* _ENTRIES SHOWN_
====
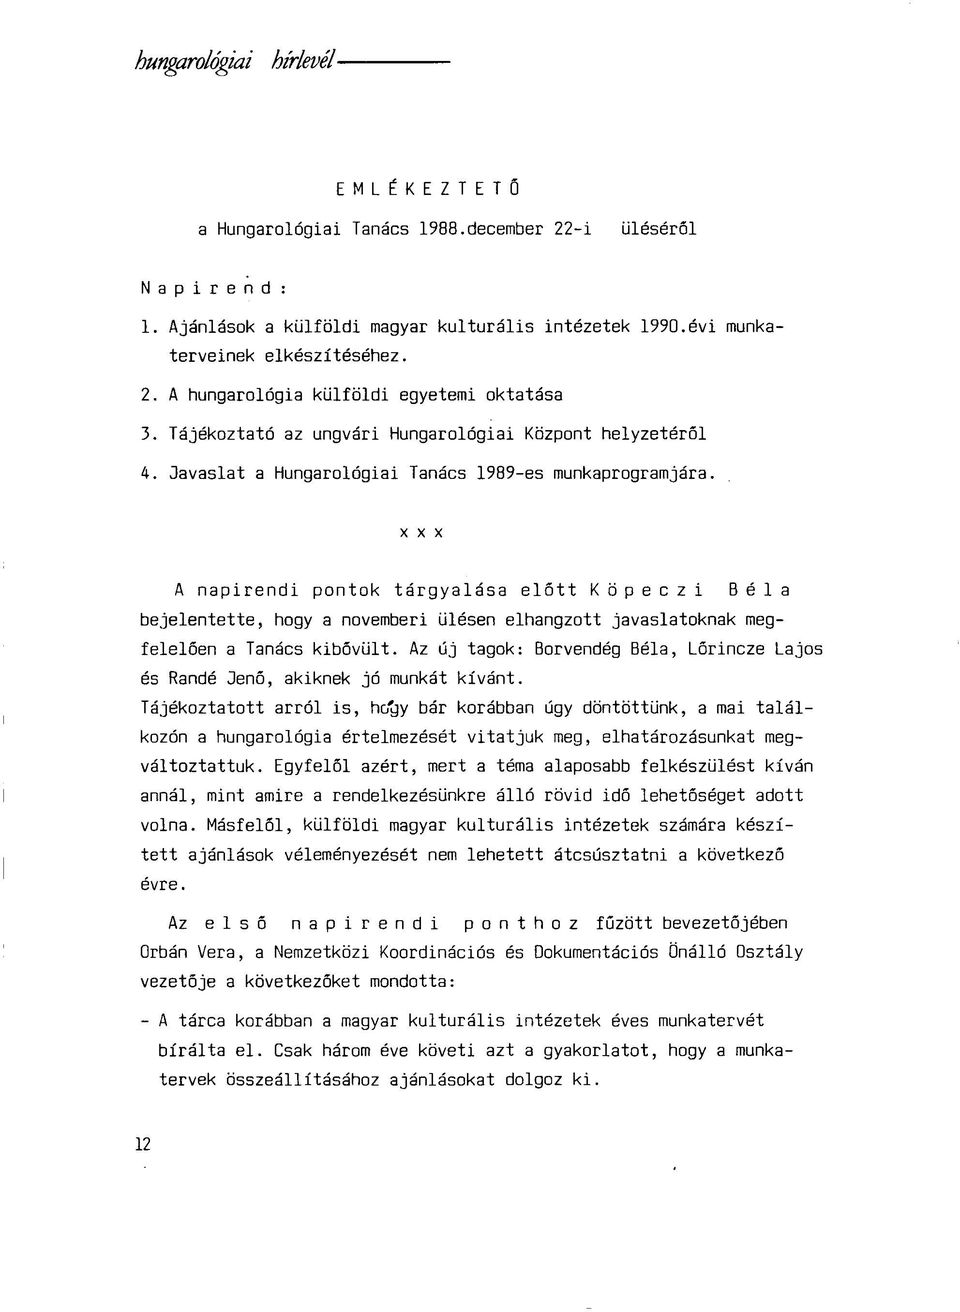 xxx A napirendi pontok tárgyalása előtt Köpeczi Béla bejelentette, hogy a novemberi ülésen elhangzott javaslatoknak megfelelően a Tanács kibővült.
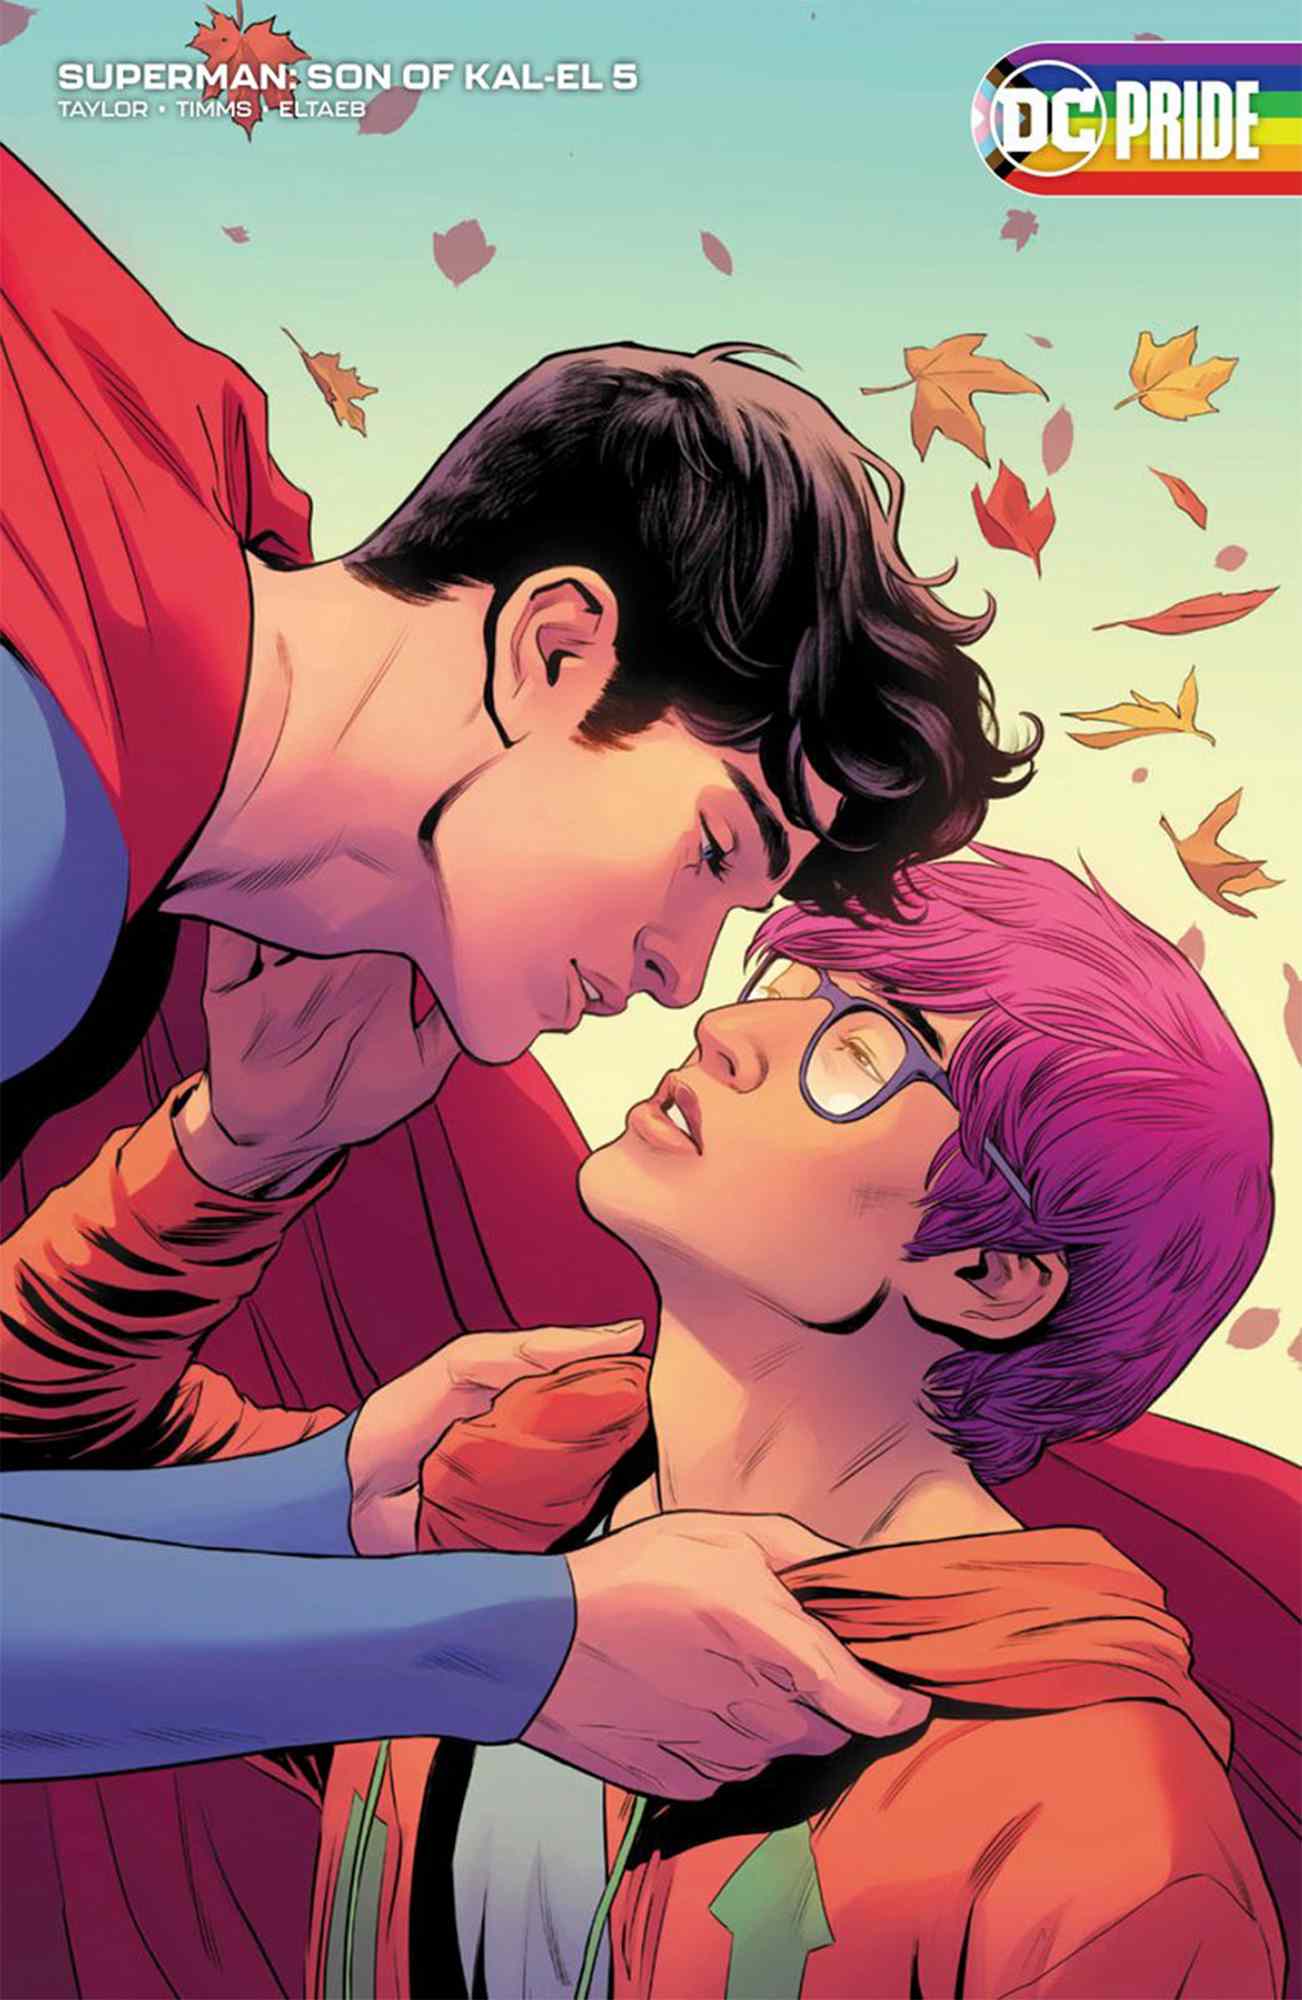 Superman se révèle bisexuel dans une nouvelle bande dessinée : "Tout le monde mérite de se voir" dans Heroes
====
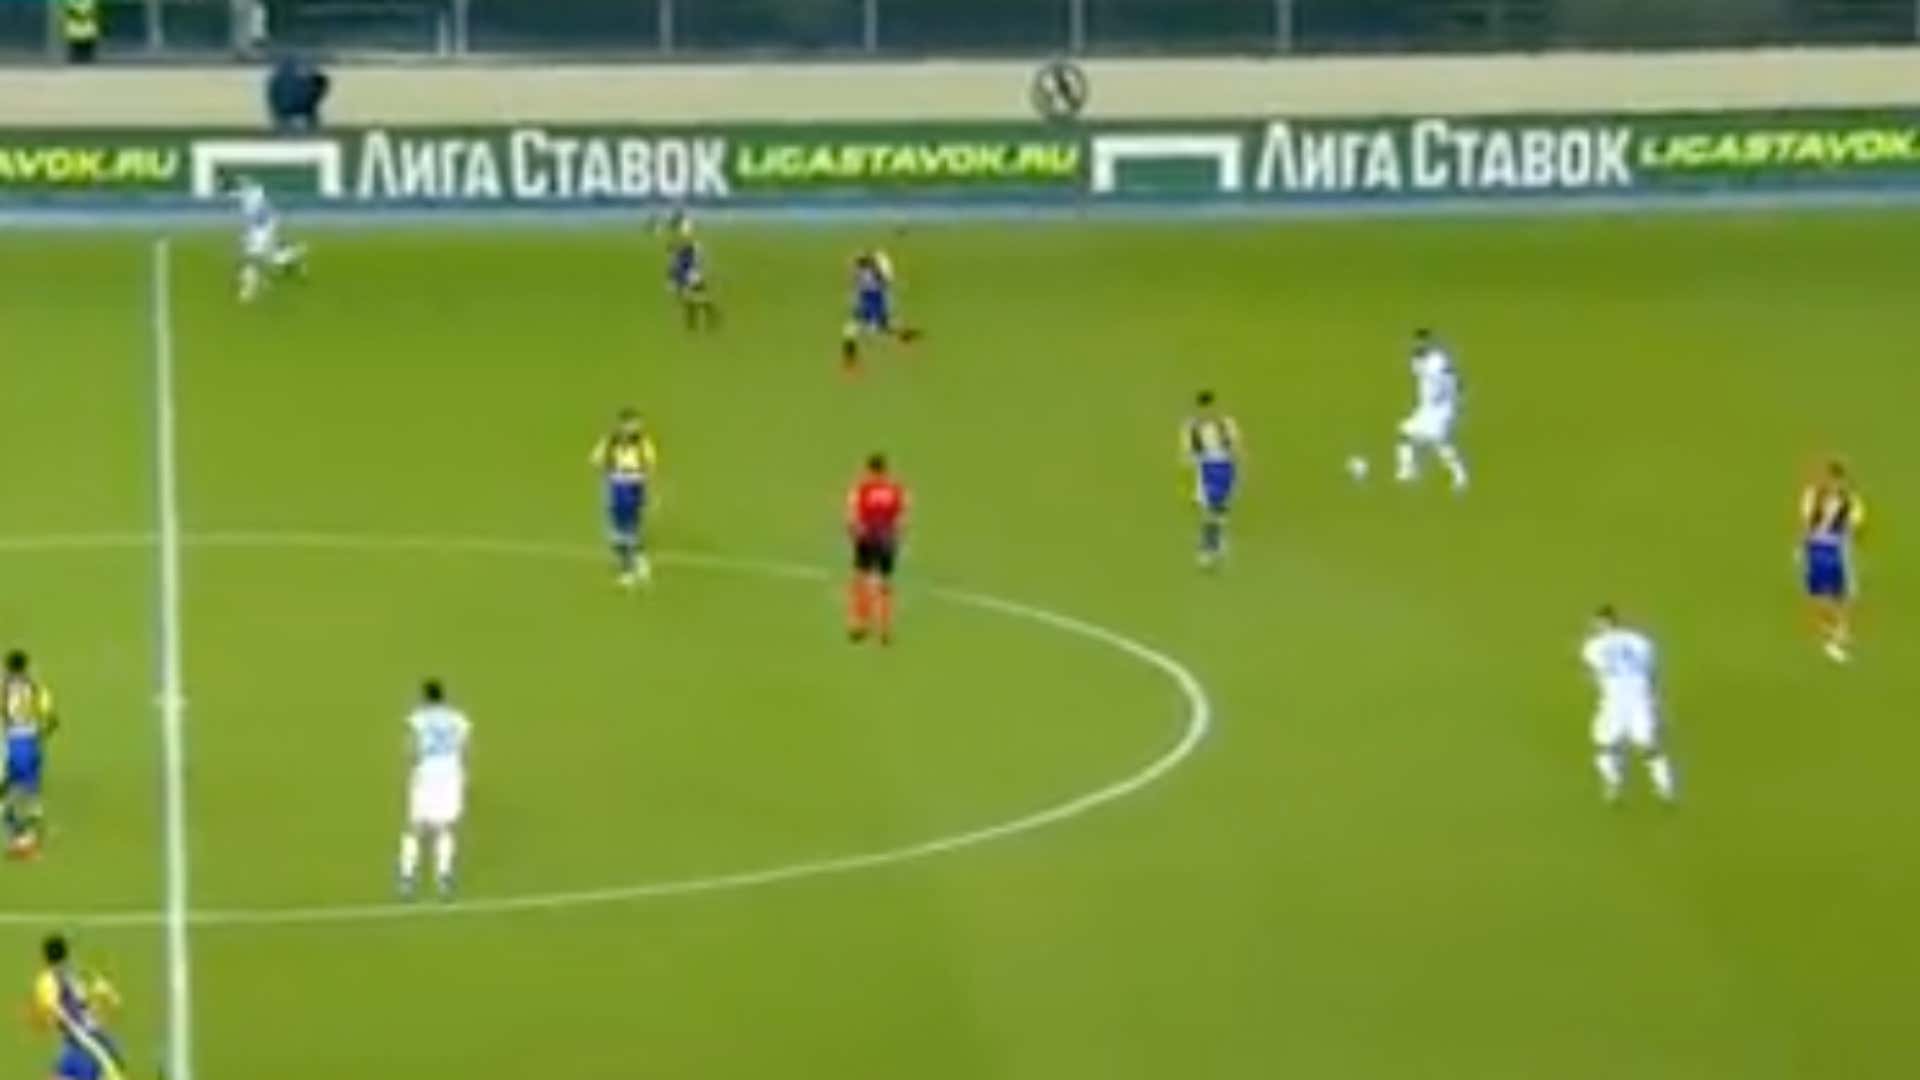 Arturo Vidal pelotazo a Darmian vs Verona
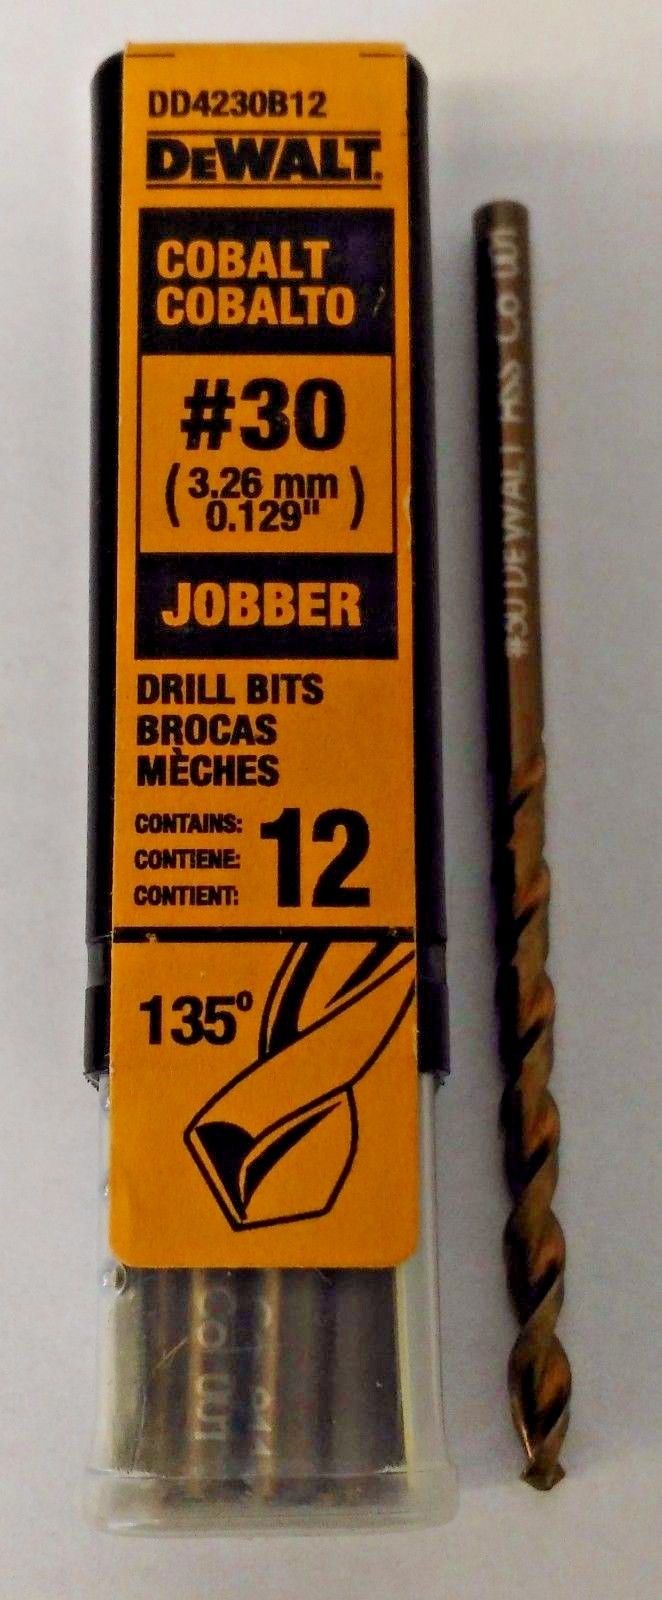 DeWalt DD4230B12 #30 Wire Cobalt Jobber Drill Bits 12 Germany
====
* _WHAT YOU SHOULD DO_
Reproduce exactly the lines above that run from the one with "xxx A napirendi" to the one with "Superman se révèle", both included, leaving pictures out.

* _TASK ANSWER_
 xxx A napirendi pontok tárgyalása előtt Köpeczi Béla bejelentette, hogy a novemberi ülésen elhangzott javaslatoknak megfelelően a Tanács kibővült.
 Superman se révèle bisexuel dans une nouvelle bande dessinée : "Tout le monde mérite de se voir" dans Heroes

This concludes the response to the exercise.